** Opening LISTED ENTRIES block **
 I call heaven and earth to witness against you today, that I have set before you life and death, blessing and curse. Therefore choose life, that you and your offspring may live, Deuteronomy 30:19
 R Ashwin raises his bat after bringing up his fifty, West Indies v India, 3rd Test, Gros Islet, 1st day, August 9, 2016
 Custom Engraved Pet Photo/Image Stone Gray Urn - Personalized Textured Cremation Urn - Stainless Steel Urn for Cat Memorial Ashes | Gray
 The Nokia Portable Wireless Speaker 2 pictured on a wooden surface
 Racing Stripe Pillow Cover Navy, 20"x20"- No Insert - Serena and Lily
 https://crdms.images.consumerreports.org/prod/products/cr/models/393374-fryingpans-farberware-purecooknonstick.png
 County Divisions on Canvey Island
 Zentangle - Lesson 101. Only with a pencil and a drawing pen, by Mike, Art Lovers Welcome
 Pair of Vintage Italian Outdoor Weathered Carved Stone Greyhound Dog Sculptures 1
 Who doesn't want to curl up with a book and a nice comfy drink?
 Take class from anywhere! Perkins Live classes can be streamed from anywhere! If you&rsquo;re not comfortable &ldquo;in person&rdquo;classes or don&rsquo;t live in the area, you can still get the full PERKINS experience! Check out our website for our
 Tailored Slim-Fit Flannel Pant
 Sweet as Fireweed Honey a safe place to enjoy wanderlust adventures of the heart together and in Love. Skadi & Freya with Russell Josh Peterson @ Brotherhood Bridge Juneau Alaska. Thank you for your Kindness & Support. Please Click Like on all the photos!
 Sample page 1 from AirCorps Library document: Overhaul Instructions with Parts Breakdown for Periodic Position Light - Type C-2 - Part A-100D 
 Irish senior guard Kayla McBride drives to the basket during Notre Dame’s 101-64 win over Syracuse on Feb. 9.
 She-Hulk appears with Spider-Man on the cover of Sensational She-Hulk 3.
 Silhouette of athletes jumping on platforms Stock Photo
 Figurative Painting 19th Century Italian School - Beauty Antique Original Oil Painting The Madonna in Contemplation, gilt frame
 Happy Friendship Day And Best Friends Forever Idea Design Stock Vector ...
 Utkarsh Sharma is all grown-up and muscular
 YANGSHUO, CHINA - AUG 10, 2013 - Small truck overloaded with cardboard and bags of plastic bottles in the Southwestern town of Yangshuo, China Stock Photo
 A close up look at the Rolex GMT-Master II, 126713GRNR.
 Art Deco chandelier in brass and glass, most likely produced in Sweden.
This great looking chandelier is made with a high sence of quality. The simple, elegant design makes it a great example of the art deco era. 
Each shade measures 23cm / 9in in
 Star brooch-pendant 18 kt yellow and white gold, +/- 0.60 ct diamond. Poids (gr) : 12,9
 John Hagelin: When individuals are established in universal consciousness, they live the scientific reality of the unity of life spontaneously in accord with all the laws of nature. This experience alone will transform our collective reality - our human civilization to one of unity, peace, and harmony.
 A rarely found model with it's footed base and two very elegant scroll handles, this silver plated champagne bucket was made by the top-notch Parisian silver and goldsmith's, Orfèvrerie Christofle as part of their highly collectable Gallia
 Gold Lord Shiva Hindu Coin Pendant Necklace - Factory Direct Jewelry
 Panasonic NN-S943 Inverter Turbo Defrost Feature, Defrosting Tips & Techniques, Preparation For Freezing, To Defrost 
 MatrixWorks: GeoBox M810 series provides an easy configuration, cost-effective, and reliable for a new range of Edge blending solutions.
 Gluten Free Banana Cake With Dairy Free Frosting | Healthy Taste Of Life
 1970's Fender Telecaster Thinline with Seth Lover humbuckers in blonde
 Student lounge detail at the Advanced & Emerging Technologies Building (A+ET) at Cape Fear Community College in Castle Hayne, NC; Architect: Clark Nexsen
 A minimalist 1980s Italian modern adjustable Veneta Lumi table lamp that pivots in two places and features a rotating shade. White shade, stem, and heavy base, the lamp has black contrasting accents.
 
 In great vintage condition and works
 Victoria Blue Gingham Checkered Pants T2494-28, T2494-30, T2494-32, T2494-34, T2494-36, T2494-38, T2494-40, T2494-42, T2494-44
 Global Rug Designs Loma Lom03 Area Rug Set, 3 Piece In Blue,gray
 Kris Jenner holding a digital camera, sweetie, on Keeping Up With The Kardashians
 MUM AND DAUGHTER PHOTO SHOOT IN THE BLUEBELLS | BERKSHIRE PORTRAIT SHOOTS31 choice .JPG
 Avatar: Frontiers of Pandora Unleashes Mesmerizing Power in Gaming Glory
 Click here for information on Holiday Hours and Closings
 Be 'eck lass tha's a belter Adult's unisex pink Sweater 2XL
** Closing LISTED ENTRIES block **
• _BRIEF_: Would you retype exactly the lines above, from the line with "MatrixWorks: GeoBox M810" to the line with "Taste Of Life", with both end lines kept and nothing more?

• _THE COMPLETED TASK_:
 MatrixWorks: GeoBox M810 series provides an easy configuration, cost-effective, and reliable for a new range of Edge blending solutions.
 Gluten Free Banana Cake With Dairy Free Frosting | Healthy Taste Of Life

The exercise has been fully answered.